───── Data shown ─────
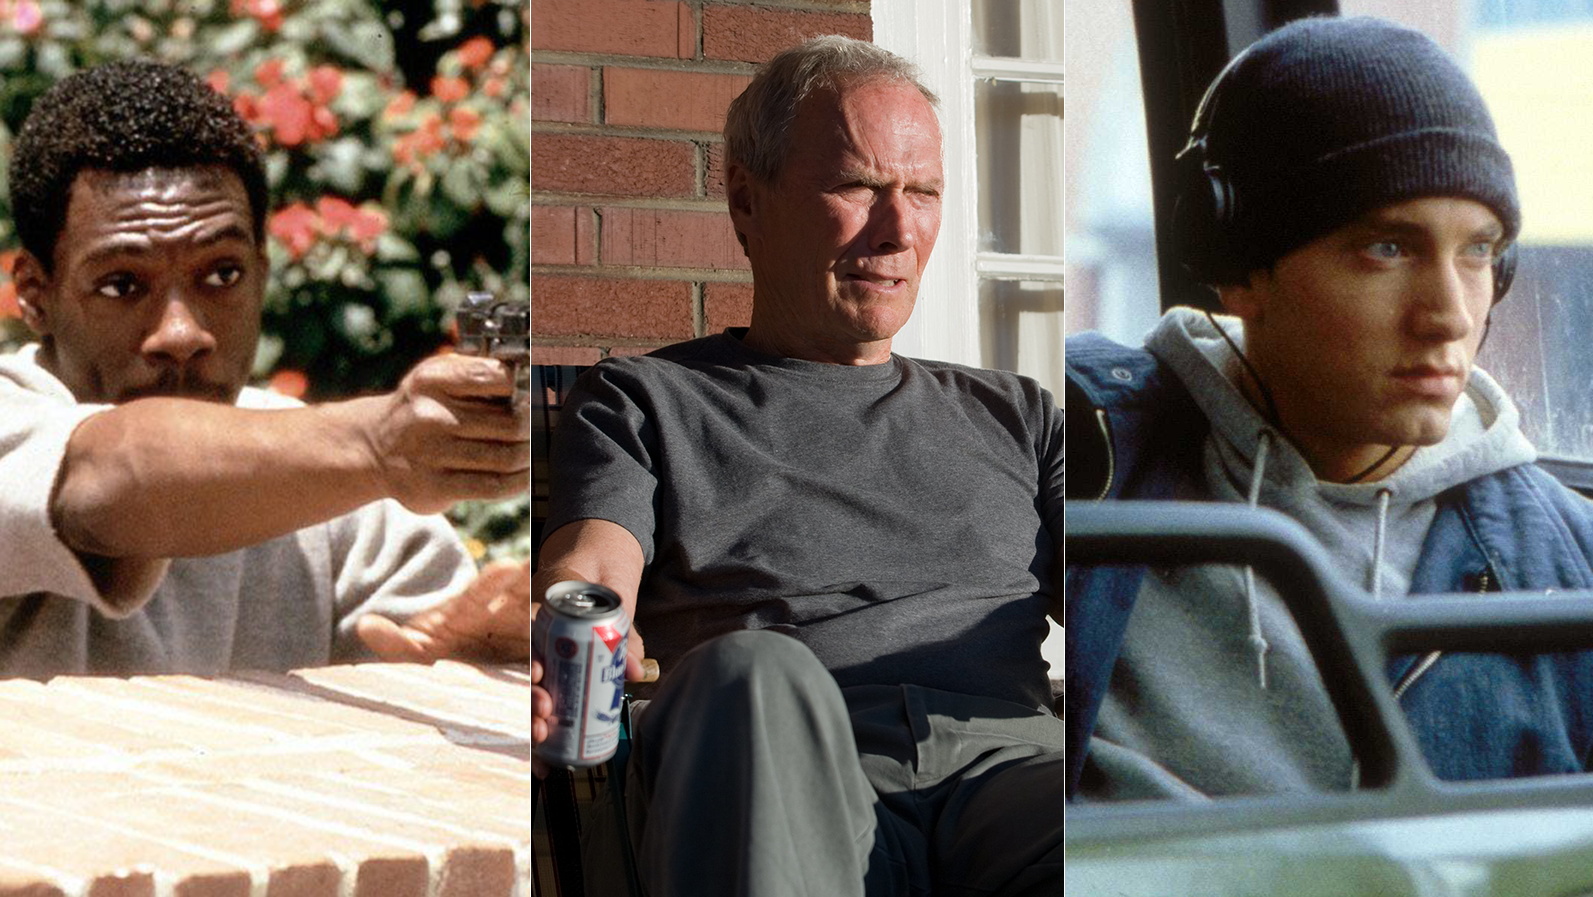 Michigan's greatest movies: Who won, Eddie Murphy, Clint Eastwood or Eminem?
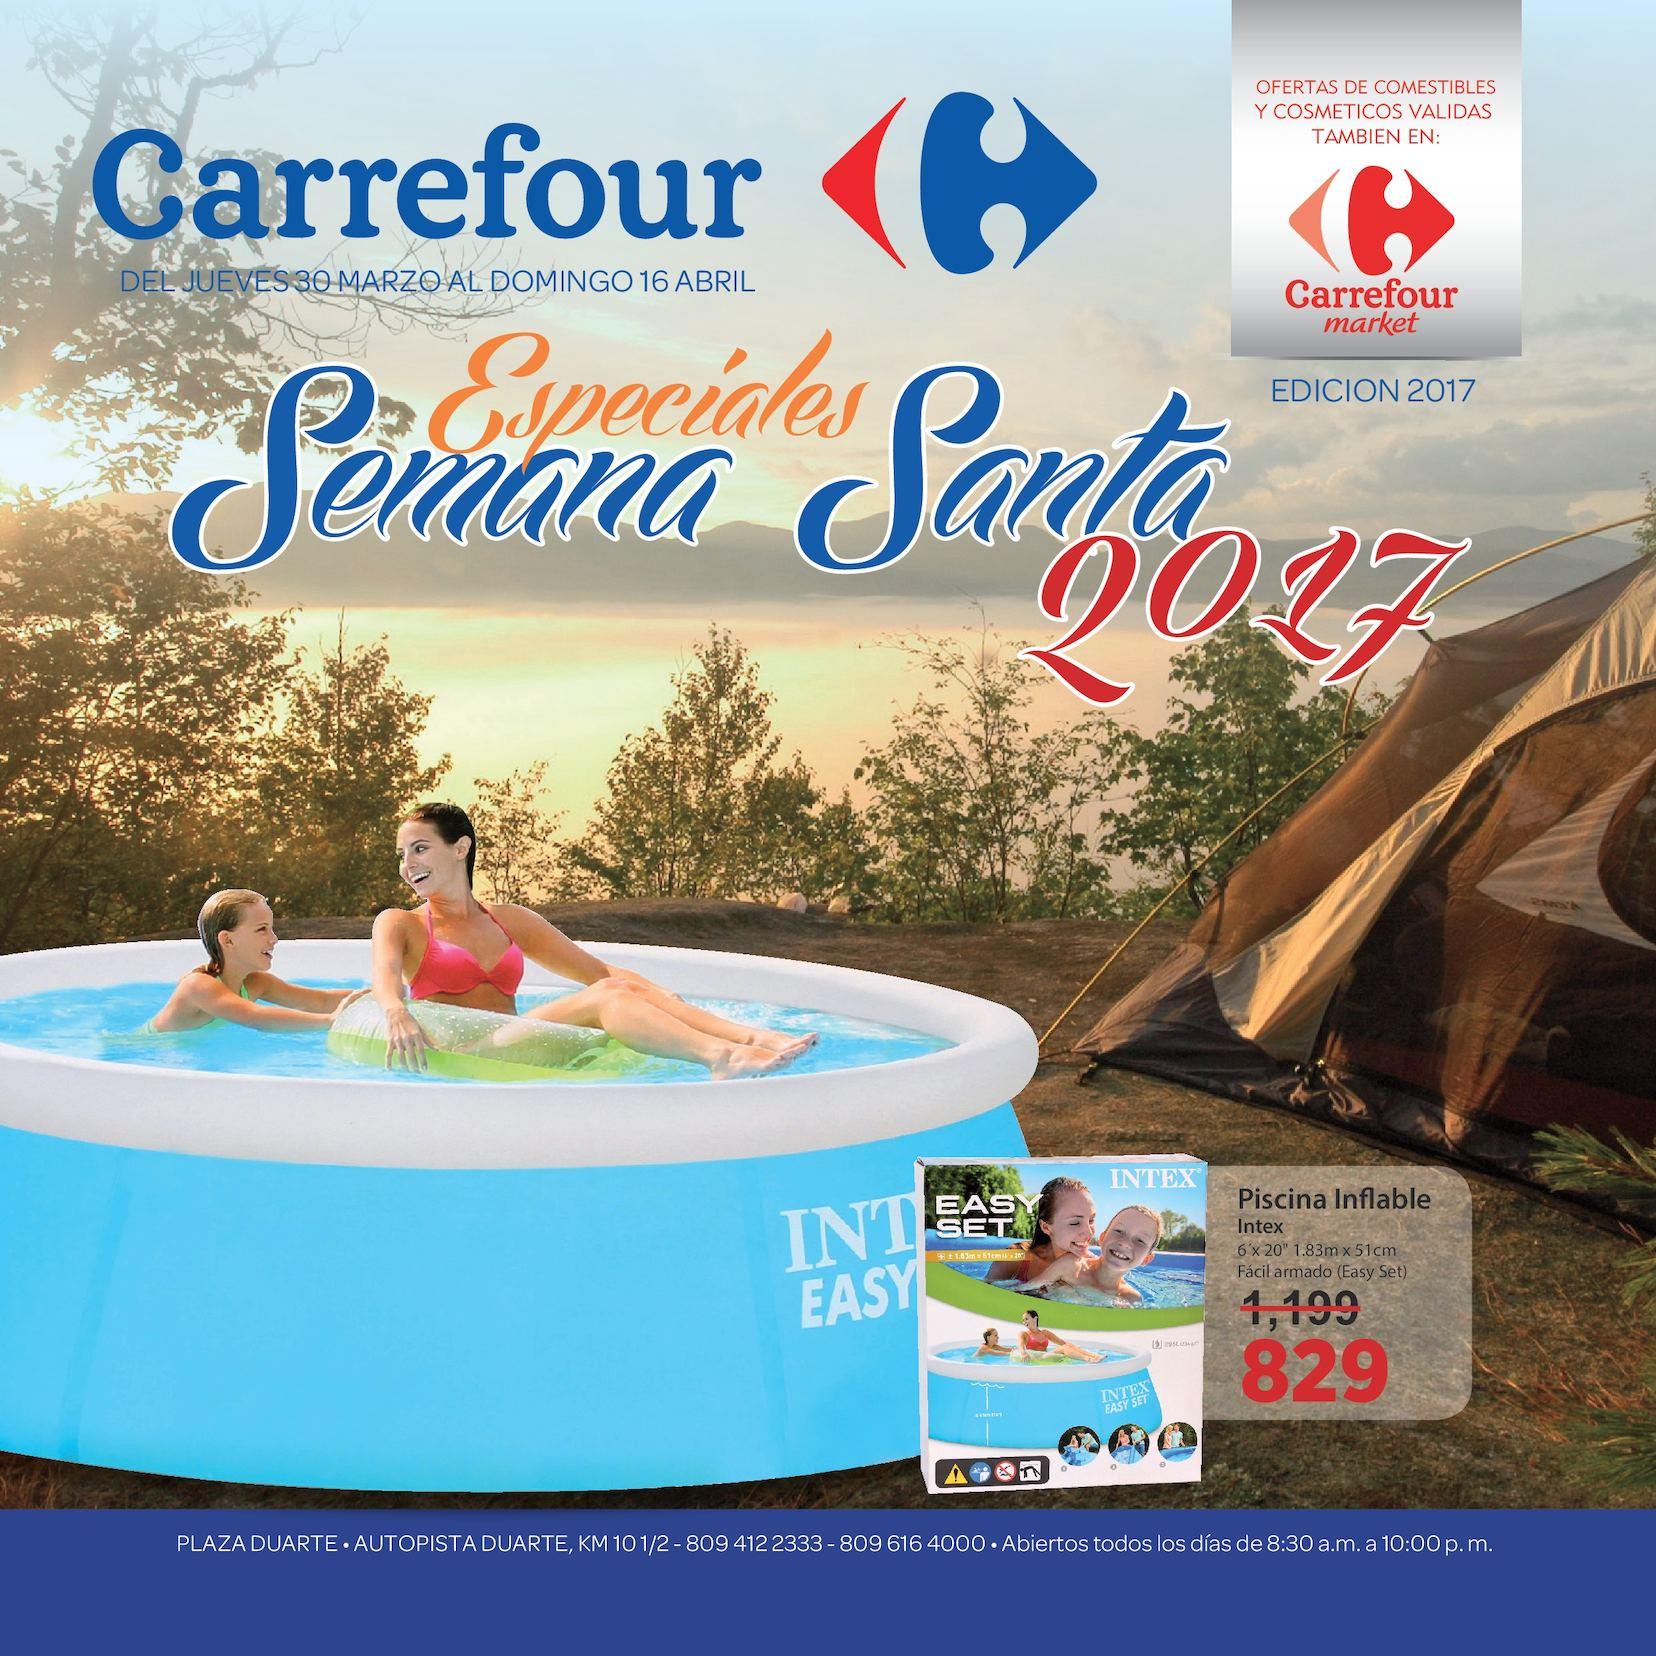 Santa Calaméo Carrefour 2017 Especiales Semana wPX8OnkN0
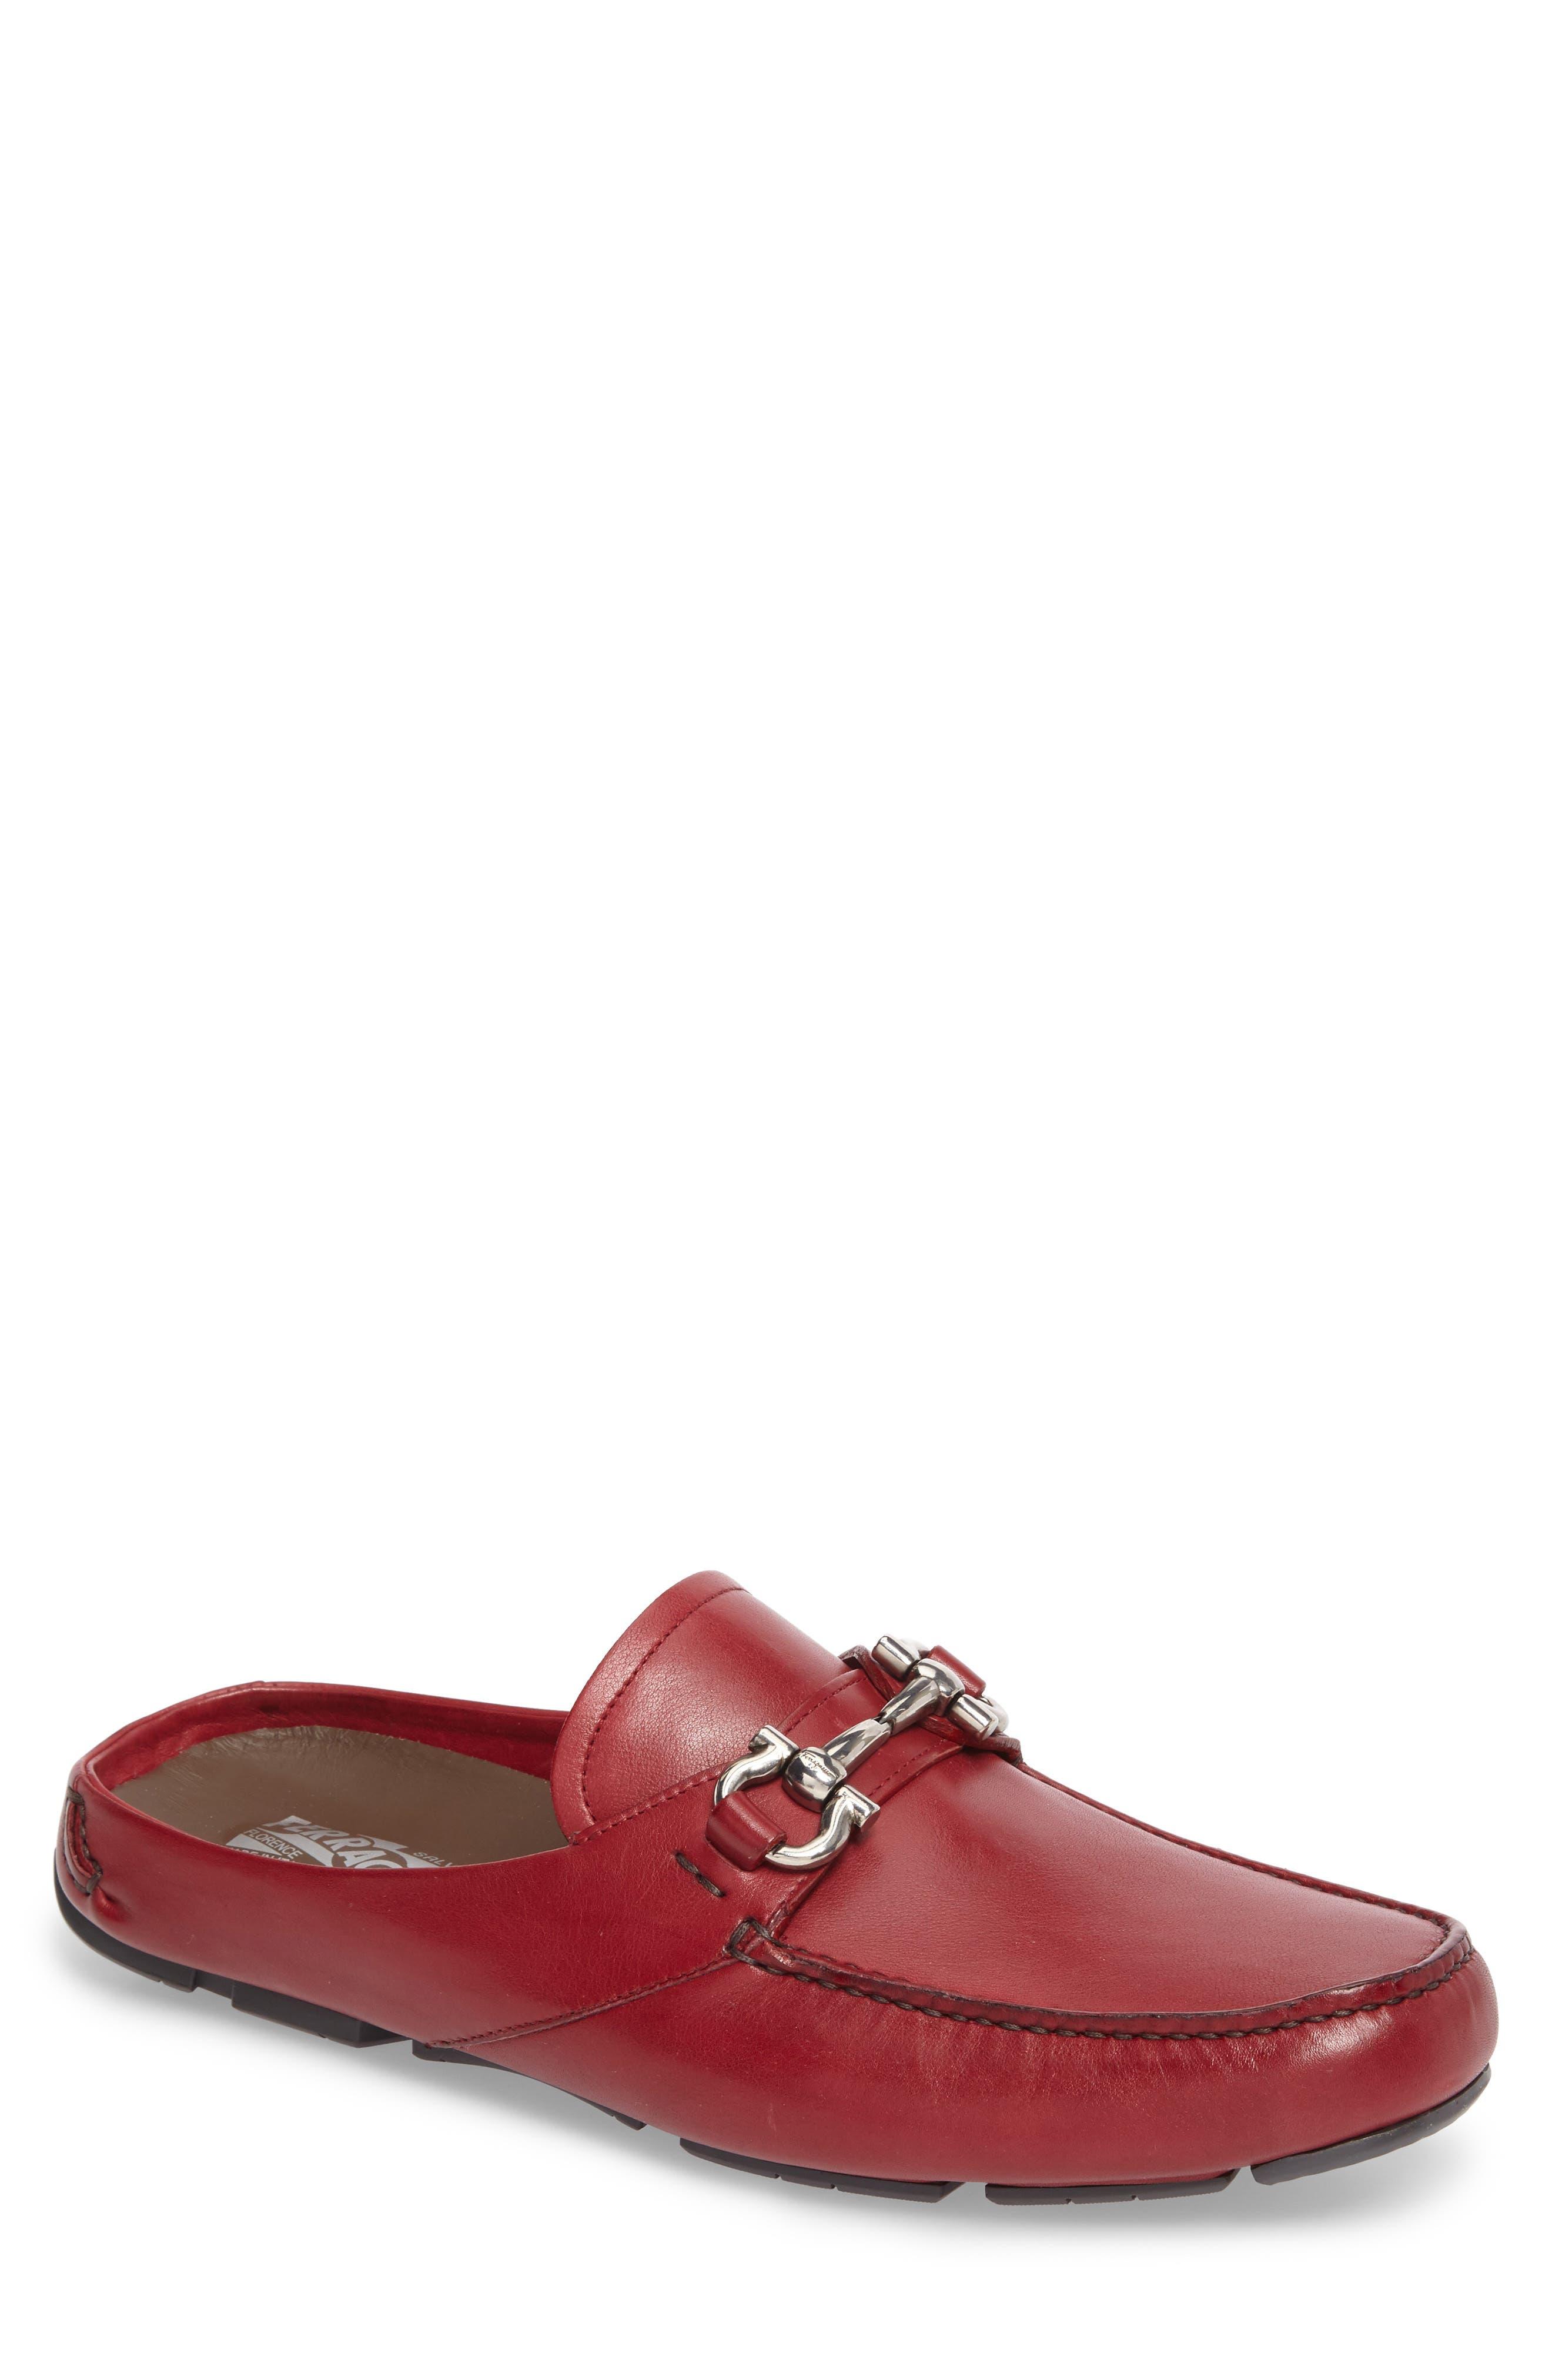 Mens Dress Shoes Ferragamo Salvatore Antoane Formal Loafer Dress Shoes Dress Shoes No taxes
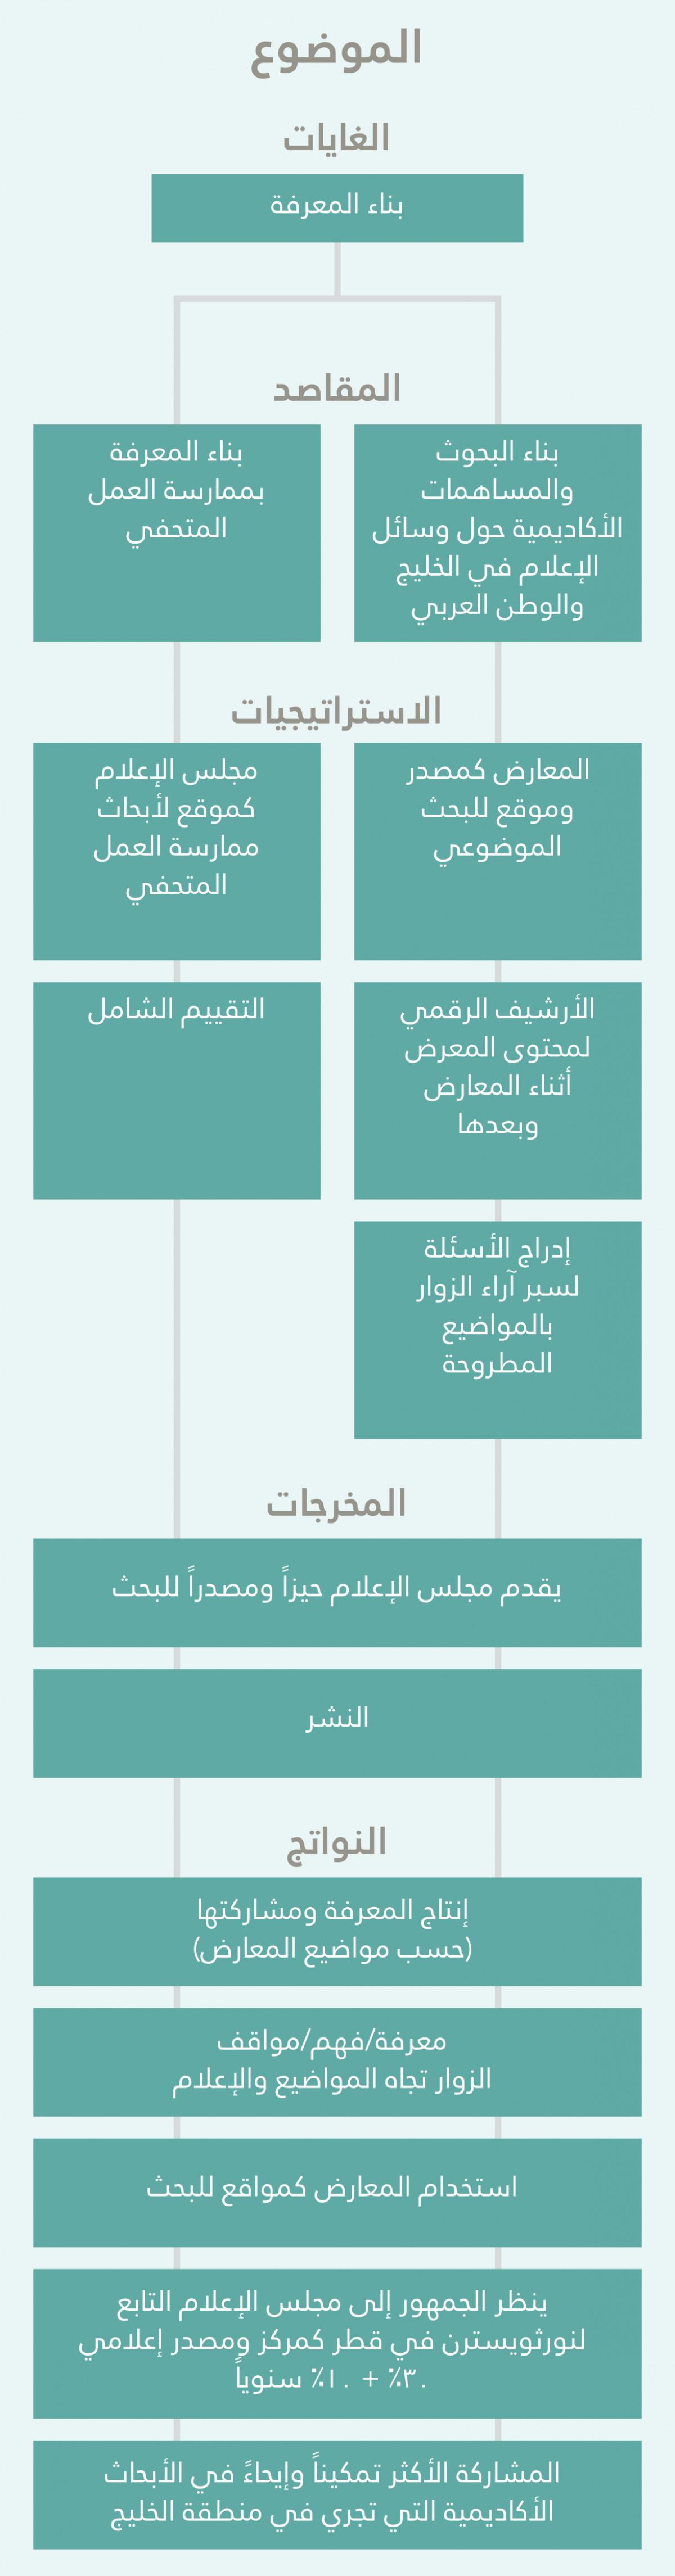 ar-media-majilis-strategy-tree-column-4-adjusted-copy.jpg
─────
> **Your goal**
Leaving every picture out, please copy exactly the lines from the one holding "Santa Calaméo Carrefour" through the last line of the listing, both ends included.

> **Solution to the problem**
 Santa Calaméo Carrefour 2017 Especiales Semana wPX8OnkN0
 Mens Dress Shoes Ferragamo Salvatore Antoane Formal Loafer Dress Shoes Dress Shoes No taxes
 ar-media-majilis-strategy-tree-column-4-adjusted-copy.jpg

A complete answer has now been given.